Why is this? Are there inherent limitations in the language that has Ruby taking a backseat to Python in ML and maths/statistical applications? Or is it just due to neglect by the community?

(I started leaning ruby about ten months ago and have only just started to gain some proficiency, so I do not know much about the workings of the ecosystem - or the innards of ruby for that matter)

I'm not sure if there are inherent language limitations (not that much of an expert), but know there's more momentum around Python for ML/data science work, mainly as a result of a few good resources specifically for it, which has encouraged more libraries and developer support to focus on it.

So perhaps less about neglect from the Ruby community, and more proactive-ness from the Python one.

I think the key factor here has been numpy, the scientific library for python. Academics used python because of it, and they are the ones who wrote the neural networks tooling.

We probably can expect to see implementations in all languages at some point.

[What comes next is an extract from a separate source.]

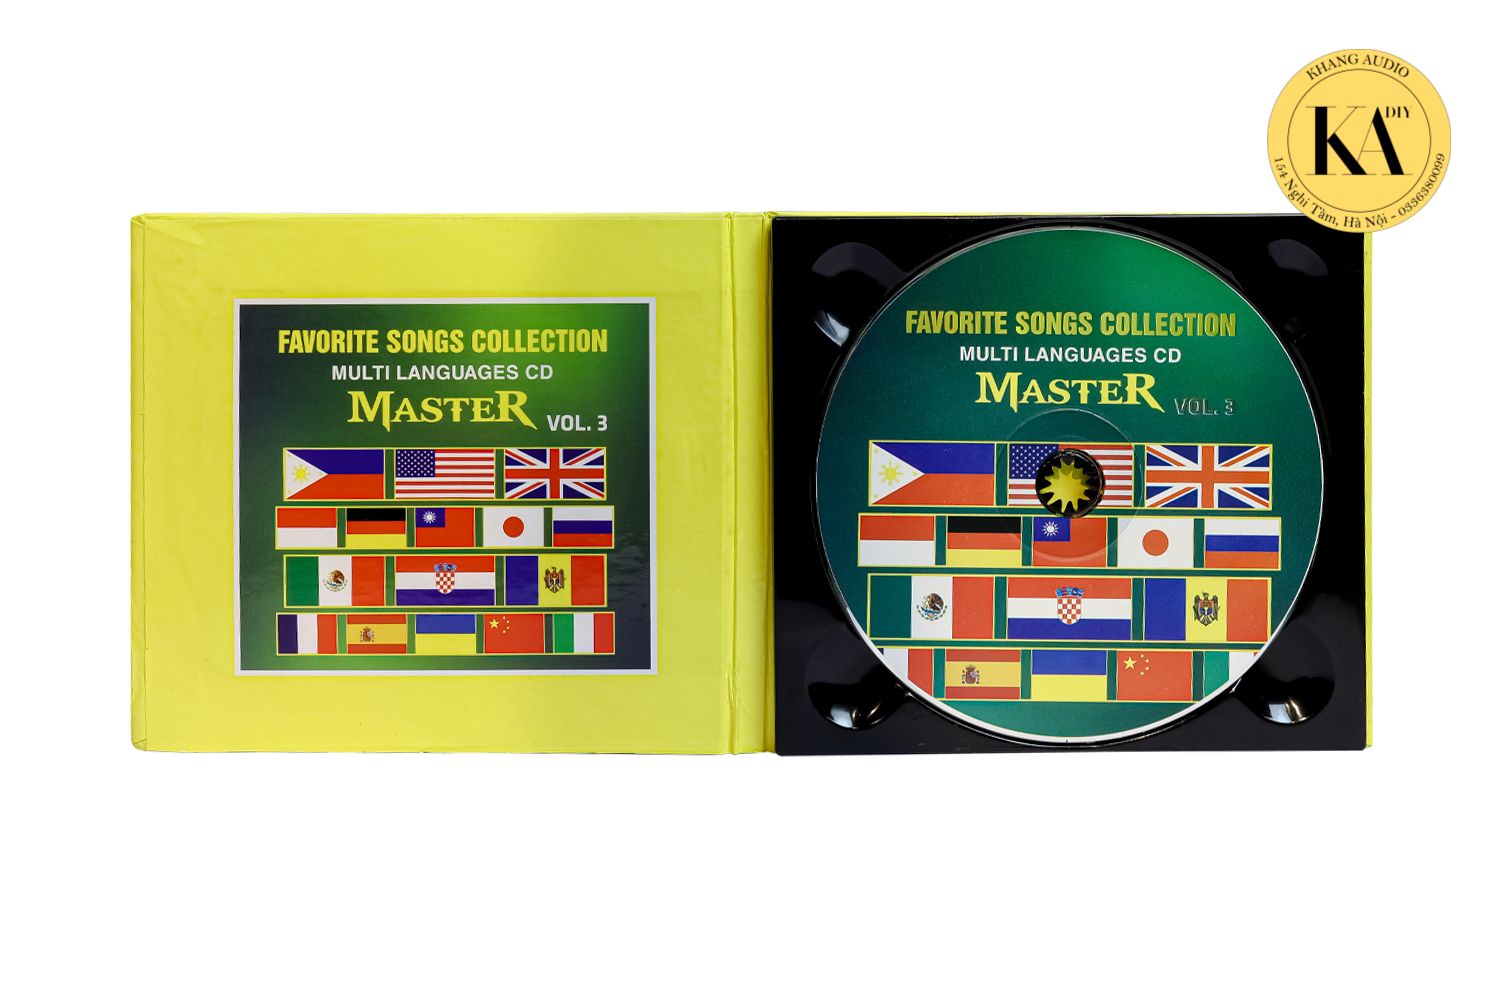 CD Master Favorite Songs Collection Vol.3

Floating point errors are not even that a big deal since we're dealing with statistics anyway.

That being said, neural networks are very resource/computation heavy. I wrote one in golang and cut my execution time in half just by encoding my matrices as flat arrays instead of two dimensional arrays. If ruby is to be used to build neural networks, it will need to perform the big work in a binary binding, like tensorflow does with its C++ layer.

I doubt that anybody is thinking of actually running the networks in ruby, or python, or even C on the GPU. They're all run on the GPU anyway.